The European Securities and Markets Authority
(ESMA) has issued further advice to the European
Commission, the European Parliament, and the European Council
(EC) relating to extending the European
Alternative Investment Fund Managers Directive
(AIFMD) marketing passport to non-EU alternative
investment fund managers and alternative investment funds
established in non-EU third countries (Third
Countries) that are assessed as equivalent.
Extension of the "passport" system to Third Countries
will allow funds established in such countries to be marketed, and
managers established in such countries to provide services, across
the European Economic Area (EEA), rather than
applying for permission on a country by country basis.

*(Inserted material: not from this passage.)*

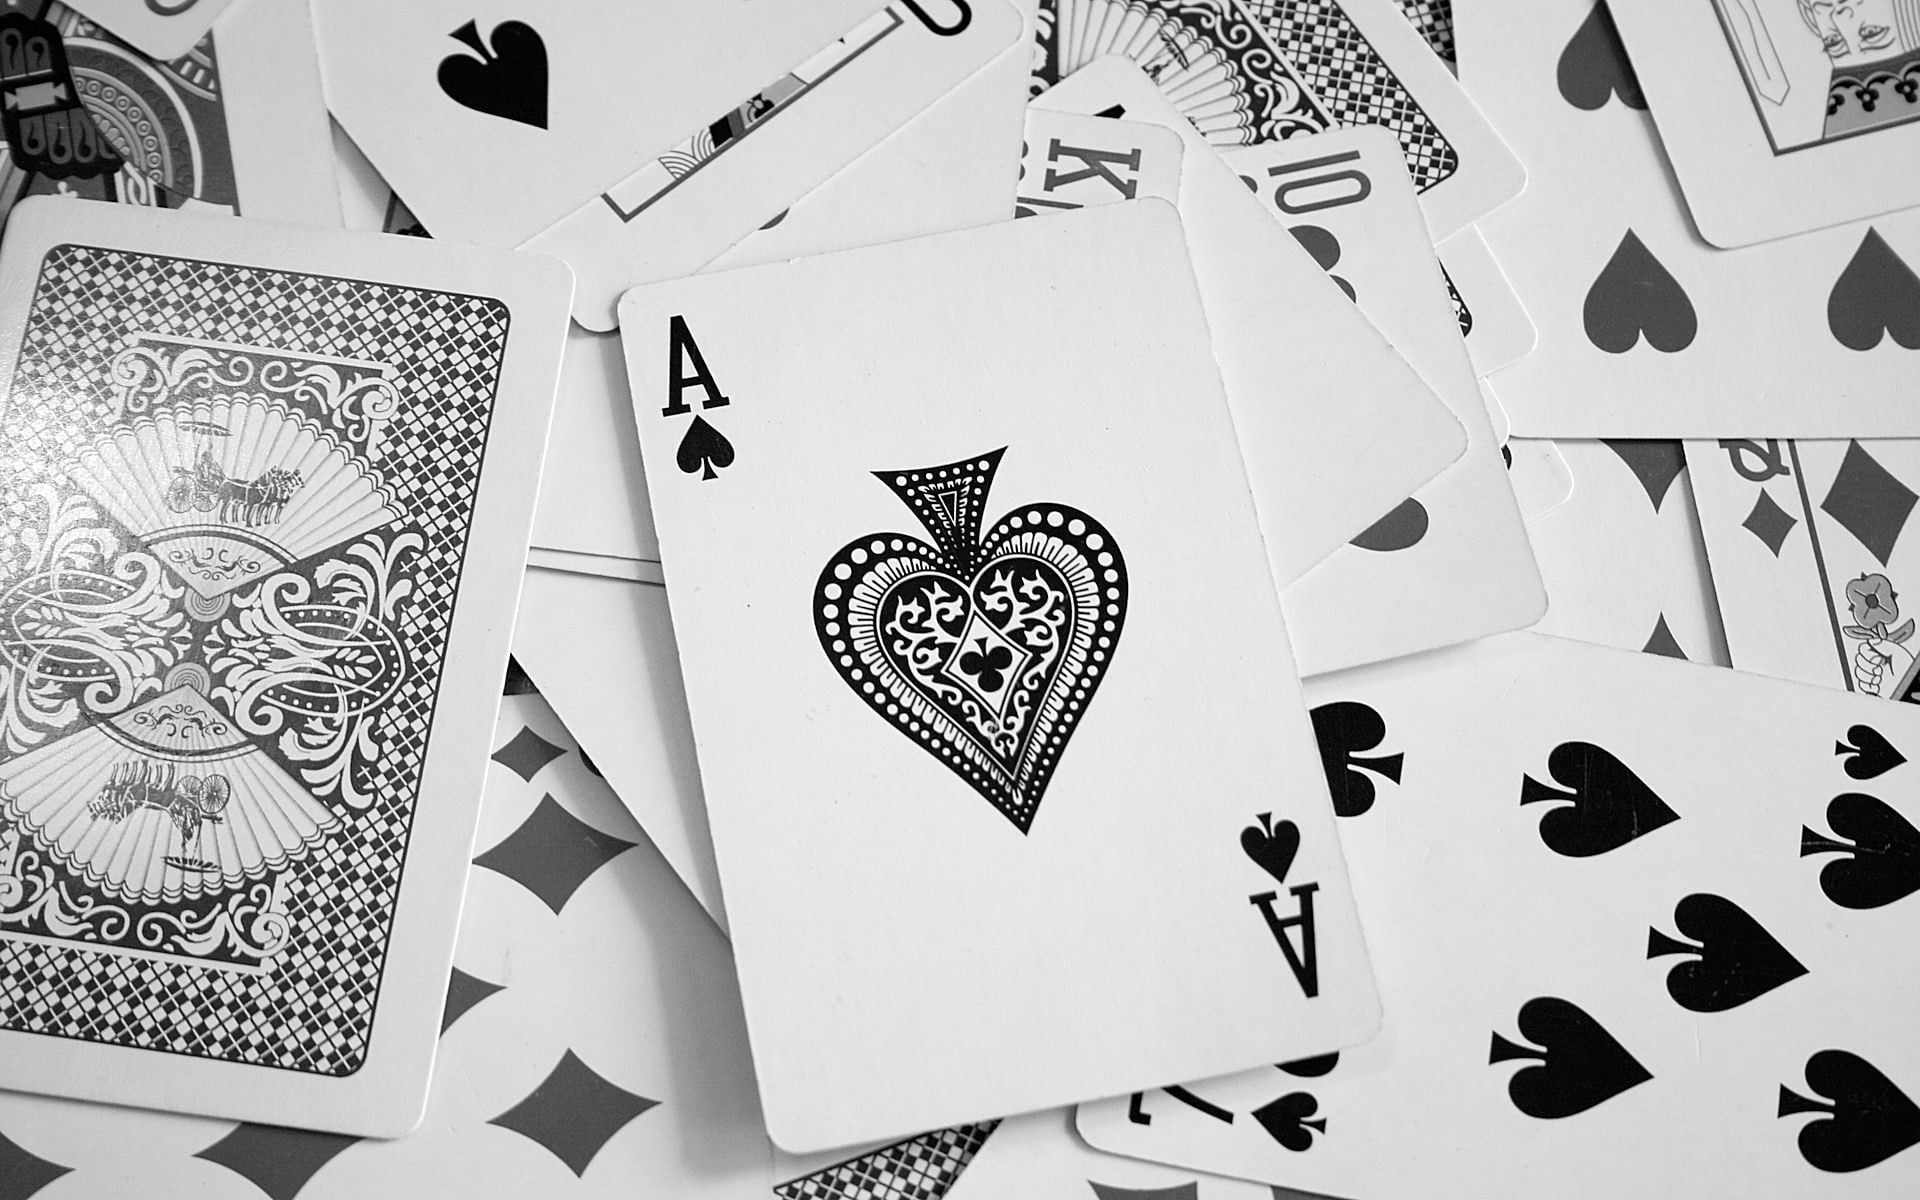 1920x1200 playing card lot #cards Ace of Spades #monochrome playing cards #1080P # wallpaper #hdwallpaper #desktop | Fun card games, Cards, Ace card

ESMA's initial advice published on 30 June 2015 covered six
non-EU countries. This new advice from ESMA covers 12
countries, including Cayman. In its commentary, ESMA noted
there are no significant obstacles regarding competition and market
disruption impeding the extension of the AIFMD passport to Cayman.

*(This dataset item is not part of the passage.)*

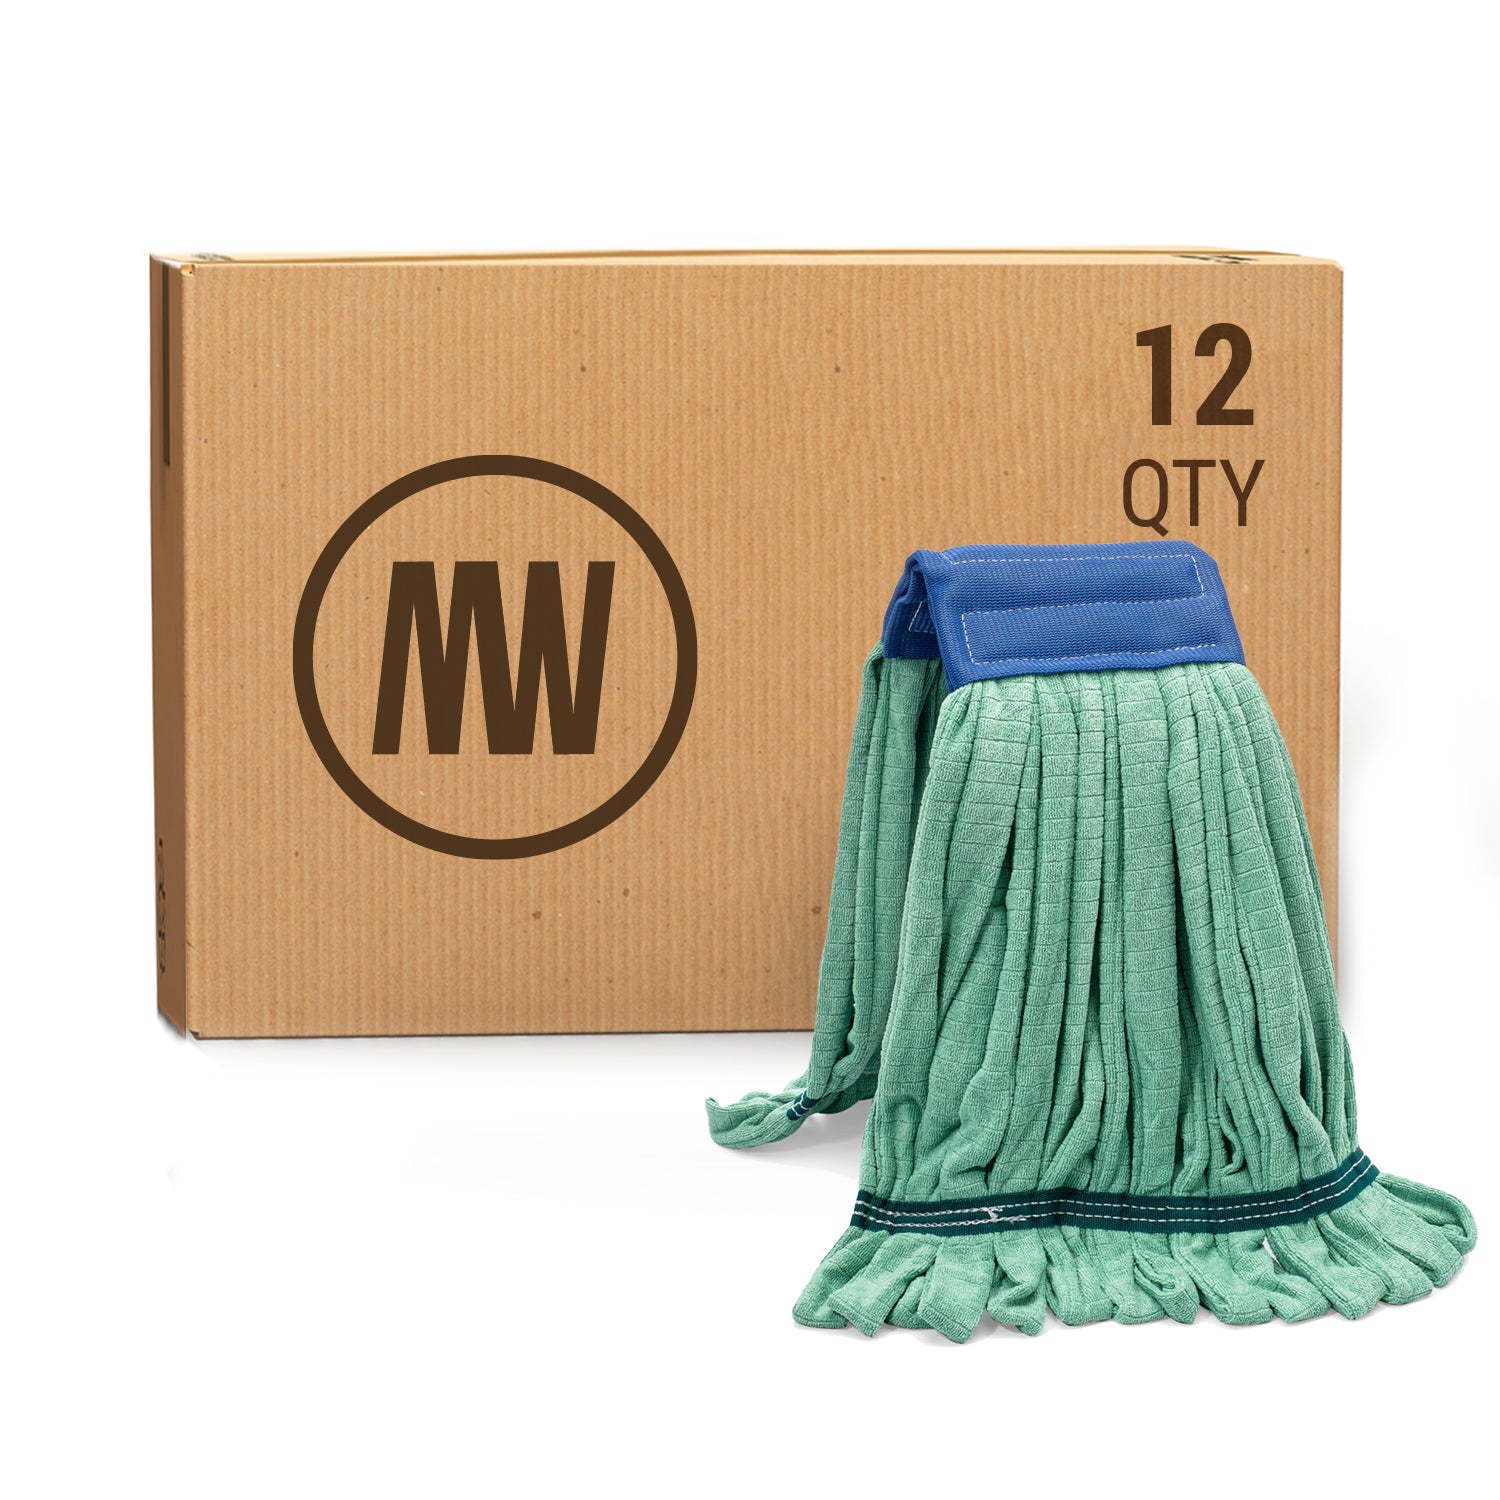 Large Commercial Microfiber Tube Mop - Case of 12

However, with respect to investor protection, the assessment of the
effectiveness of enforcement and the monitoring of systemic risk,
ESMA stated that it could not give definitive advice in relation to
extending the passport to Cayman as one of the Third Countries
until (i) the final version of the proposed Cayman AIFMD-like
opt-in regime is available; (ii) a legislative amendment has been
implemented that will give Cayman's regulator, the Cayman
Island Monetary Authority (CIMA), the power to
impose administrative fines for breaches of regulatory laws,
regulations, and rules; and (iii) CIMA's proposal for
implementation of a macro-prudential policy framework (which is
expected to enhance its current systemic risk monitoring) is put in
We at Ogier are encouraged by this advice. It subjects
ESMA's definitive advice relating to extending the passport to
Cayman to objective criteria that we believe Cayman will be in a
position to satisfy in short order. The Cayman Government and
CIMA have been working closely with ESMA for some time now on the
required amendments to its regulatory framework relating to funds
and the Cayman Government has confirmed that the jurisdiction is
only a few short months away from finalising such framework.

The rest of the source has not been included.